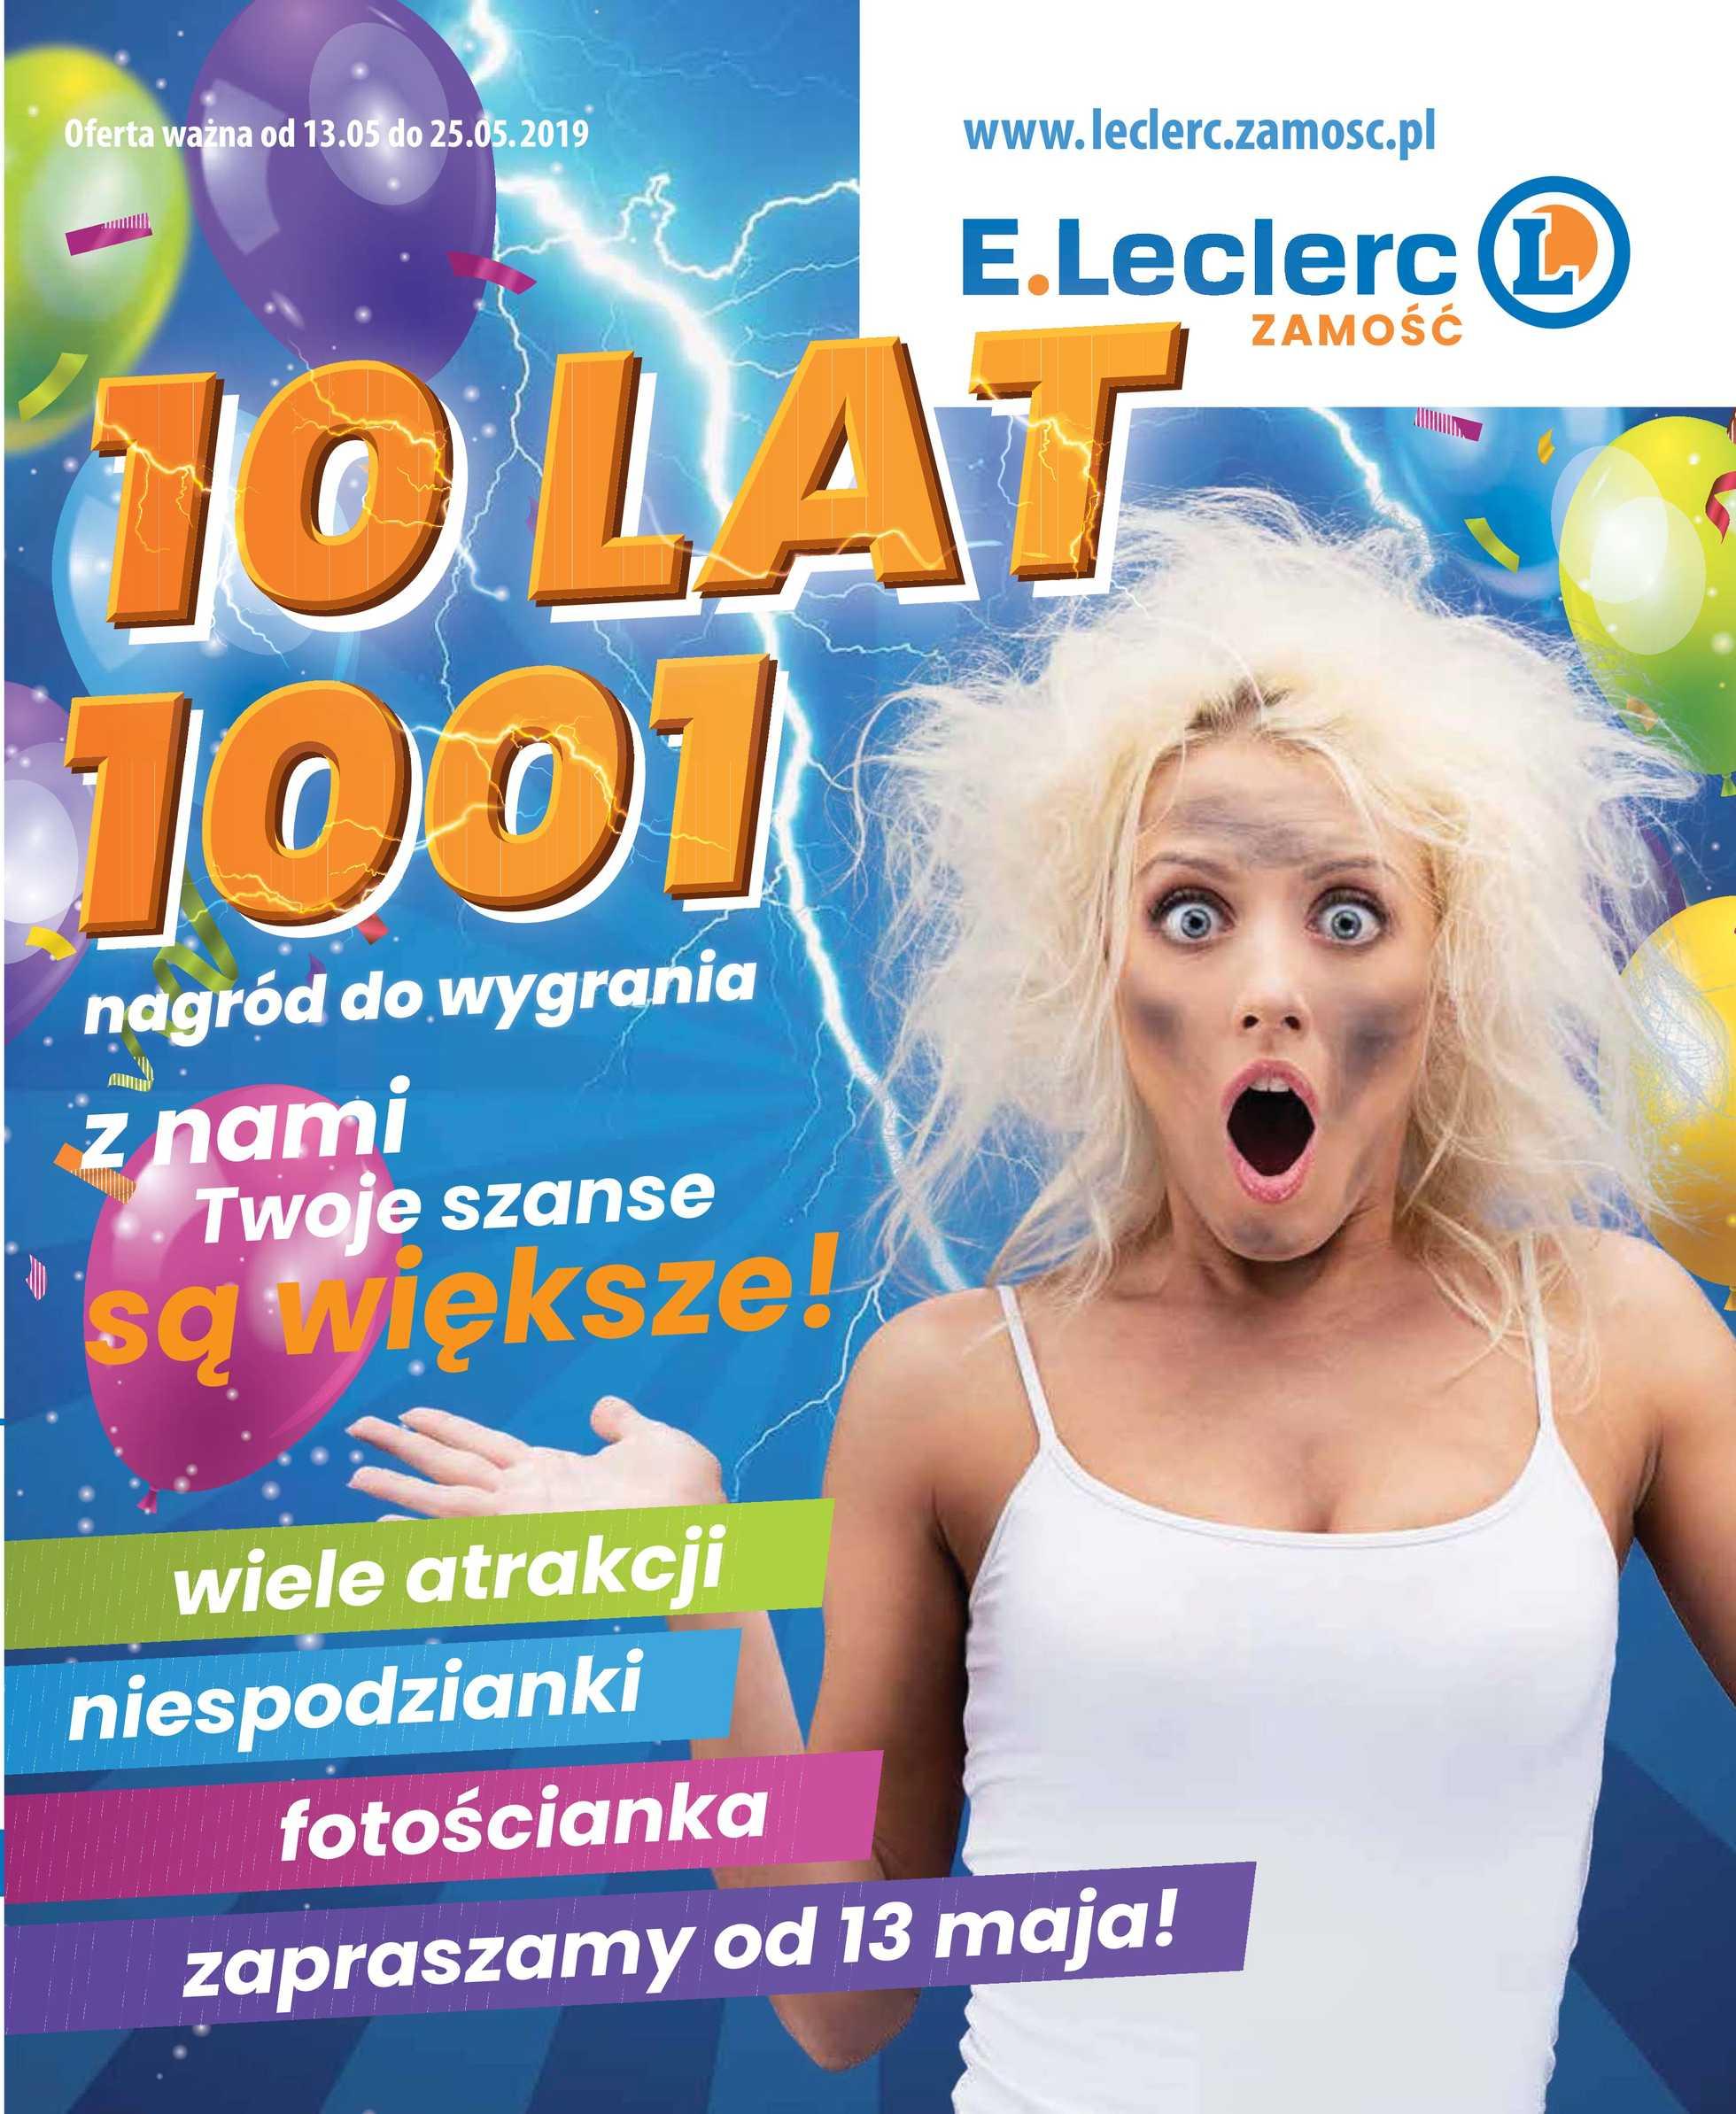 E.Leclerc - gazetka promocyjna ważna od 13.05.2019 do 25.05.2019 - strona 1.
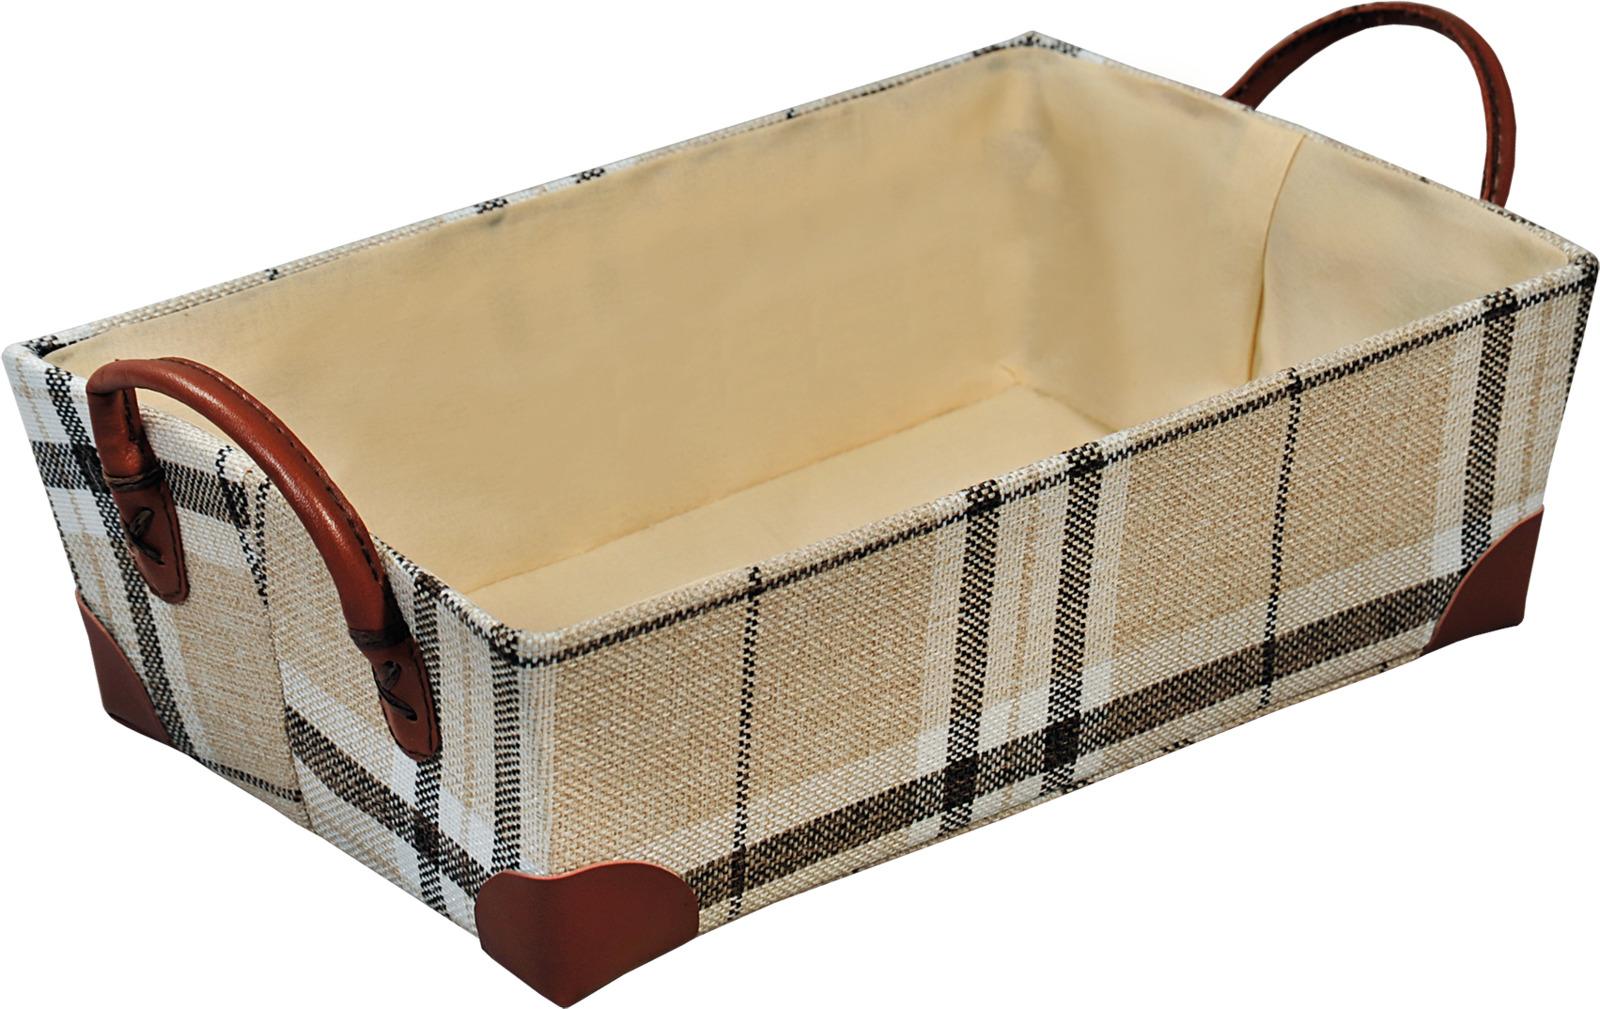 Универсальная емкость Kesper, 1931-8, бежевый, 32 х 22 х 14,5 см
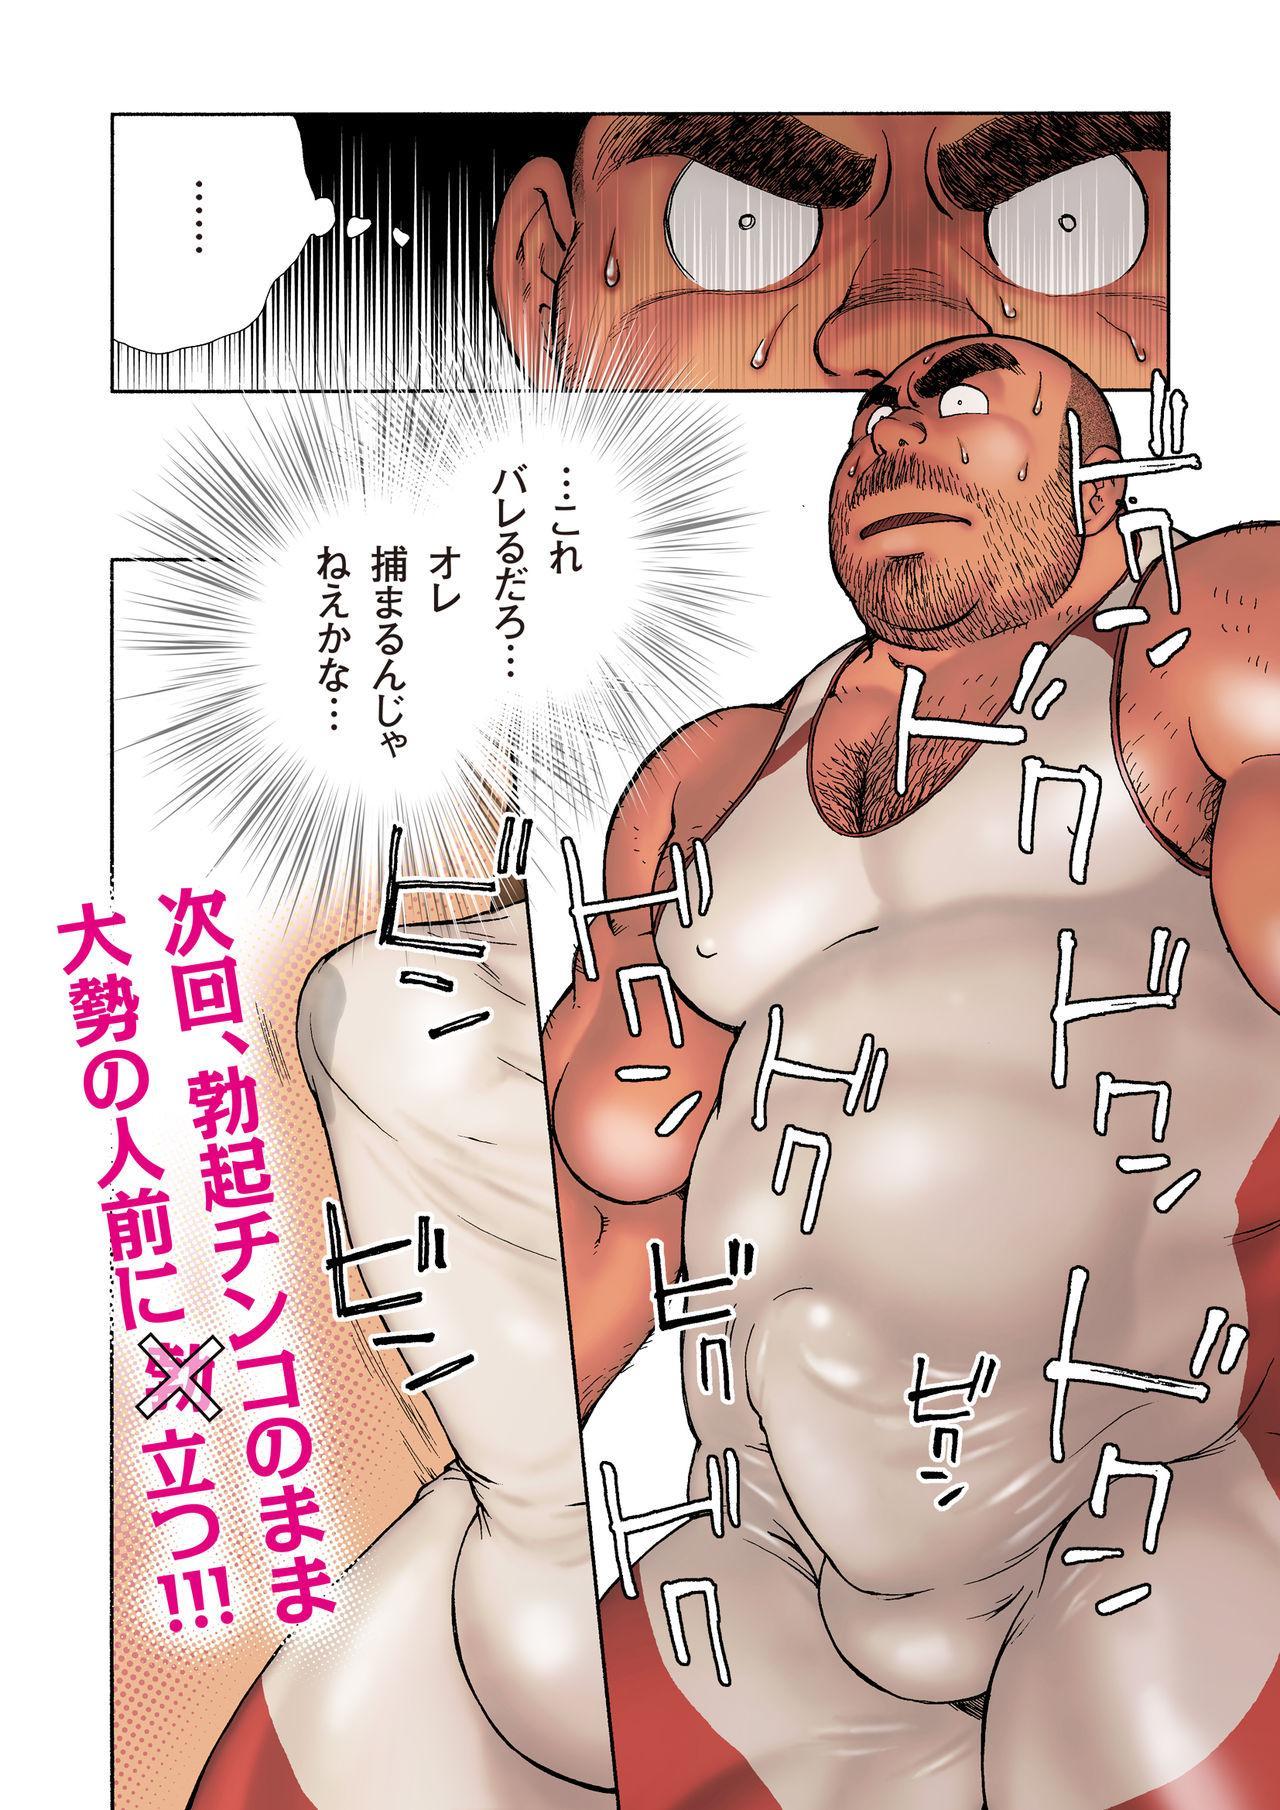 Danshi Koukousei Weightlifter Shiai-chuu, Osae kirenai Wakai Takeri 55

┄┄┄┄┄┄┄┄┄┄

## Task requirements
Having located the line with "Универсальная емкость Kesper, 1931-8, бежевый, 32", transcribe exactly and only the lines from it to the final line of the material, skipping the pictures.

## Answer to this problem
 Универсальная емкость Kesper, 1931-8, бежевый, 32 х 22 х 14,5 см
 Danshi Koukousei Weightlifter Shiai-chuu, Osae kirenai Wakai Takeri 55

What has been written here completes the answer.